Он схватил руку Самгина, сдернул его со стула и закричал в лицо ему рыдающими звуками:

– Понимаешь? Самоубийцы! Сами себя отпеваем, – слышишь? Кто это может? Русь – может!

Его разнузданное лицо кошмарно кривилось, глаза неистово прыгали от страха или радости.

– Владимир, не скандаль! – густо и тоном приказания сказала Алина, дернув его за рукав. – На тебя смотрят… Сядь! Пей! Выпьем, Климуша, за его здоровье! Ох, как поет! – медленно проговорила она, закрыв глаза, качая головой. – Спеть бы так, один раз и… – Вздрогнув, она опрокинула рюмку в рот.

Самгин тоже выпил и тотчас протянул к ней пустую рюмку, говоря Лютову:

– Ты – прав! Ты… очень прав!

Его волновала жалость к этим людям, которые не знают или забыли, что есть тысячеглавые толпы, что они ходят по улицам Москвы и смотрят на все в ней глазами чужих. Приняв рюмку из руки Алины, он ей сказал:

– Это – пир на вулкане. Ты – понимаешь, ты пьешь водку, как яд, – вижу…

– Напоила ты его, Лина, – сказал Лютов.

– Неправда! Я – совершенно трезв. Я, может быть, самый трезвый человек в России…

– Молчи, Климуша!

Она погладила его руку. До слез жалко было ему ее великолепное лицо, печальные и нежные глаза.

 
Ум смотрит тысячею глаз,
Любовь – всегда одним… –
 

сказал он ей.

Лютов захохотал; в зале снова кипел оглушающий шум, люди стонали, вопили:

– Повторить! Бис! Еще-о!

И неистощимый голос снова подавил весь шум.

 
Так иди же вперед, мой великий народ…
 

– Ну, я больше не могу, – сказала Алина, толкнув Лютова к двери. – Какой… истязатель ужасный!

Лицо ее побледнело, размахивая сумочкой, задевая стулья, она шла сквозь обезумевших от восторга людей и, увлекая за собой Клима, командовала: – Домой, Володька! И – кутить! Дуняшу позови…

– Я не хочу, – сказал Самгин, но она, сильно дернув его руку, скомандовала:

– Без дураков!
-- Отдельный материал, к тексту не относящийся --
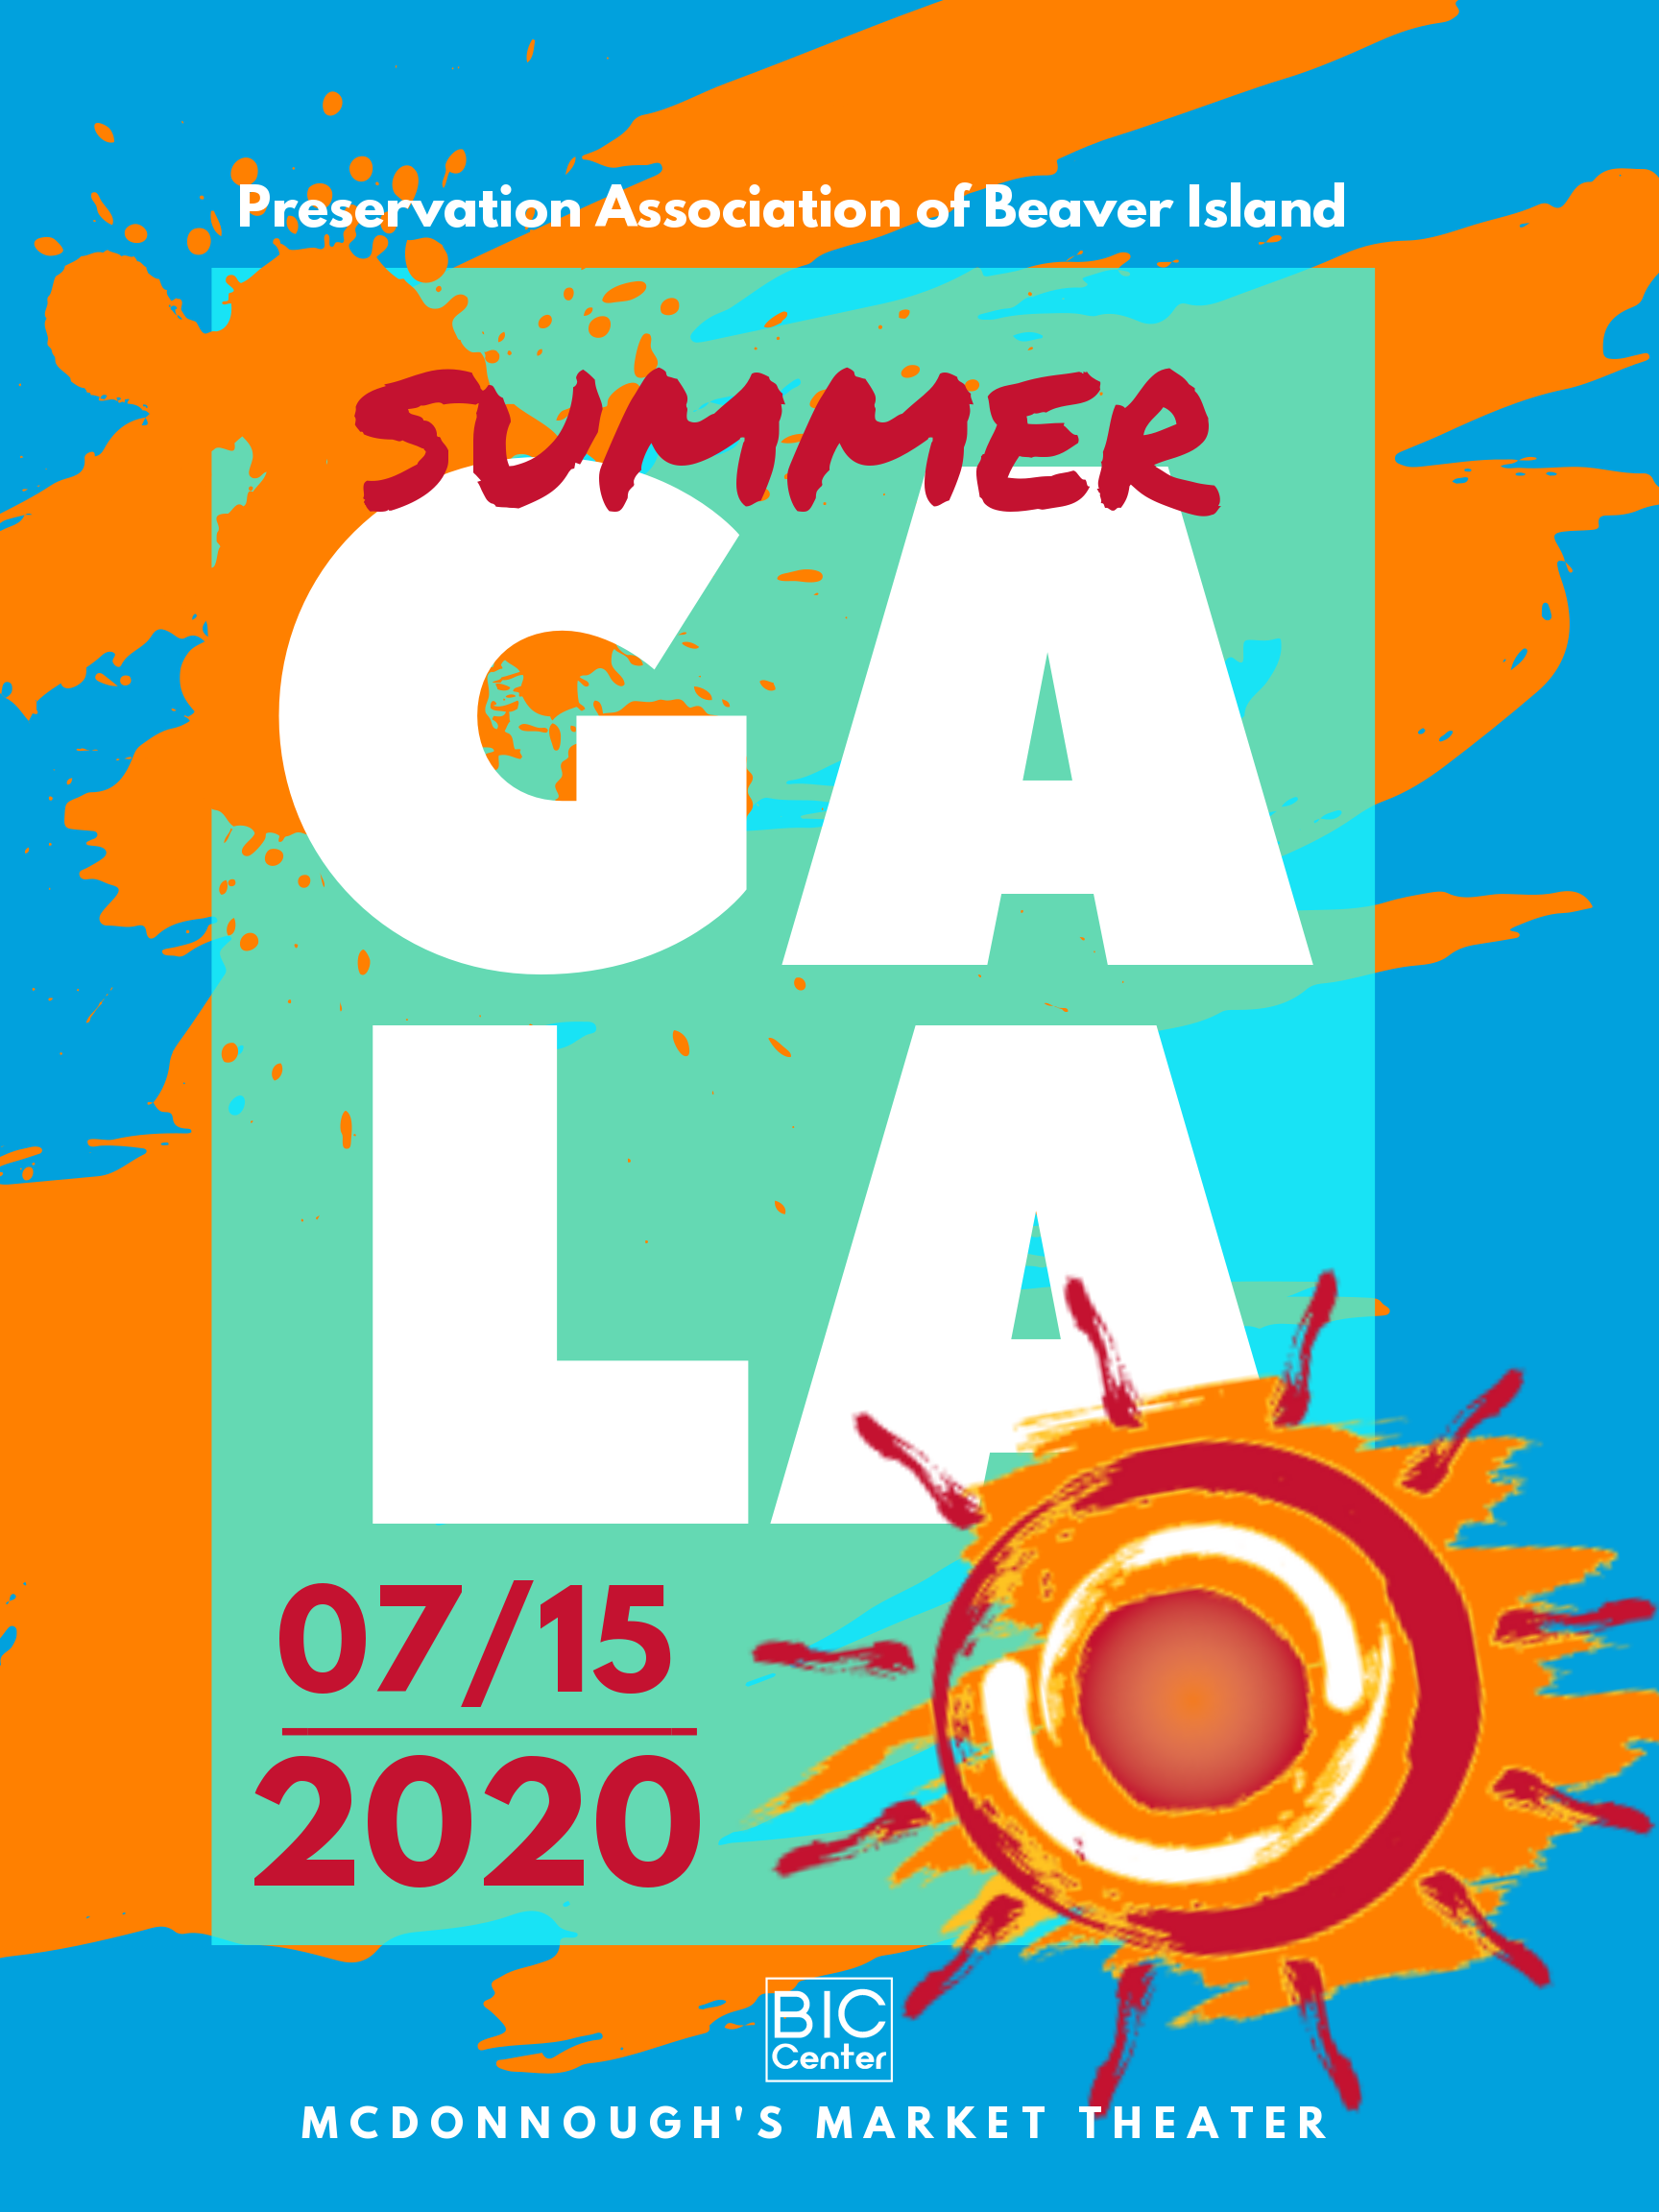 PABI Summer GALA @ Beaver Island Community Center

Зовут – иди!

А вслед им великолепный голос выговаривал мстительно и сокрушающе:

 
На цар-ря, на господ
Он поднимет…
 

На улице Самгин почувствовал себя пьяным. Дома прыгали, точно клавиши рояля; огни, сверкая слишком остро, как будто бежали друг за другом или пытались обогнать черненькие фигурки людей, шагавших во все стороны. В санях, рядом с ним, сидела Алина, теплая, точно кошка. Лютов куда-то исчез. Алина молчала, закрыв лицо муфтой.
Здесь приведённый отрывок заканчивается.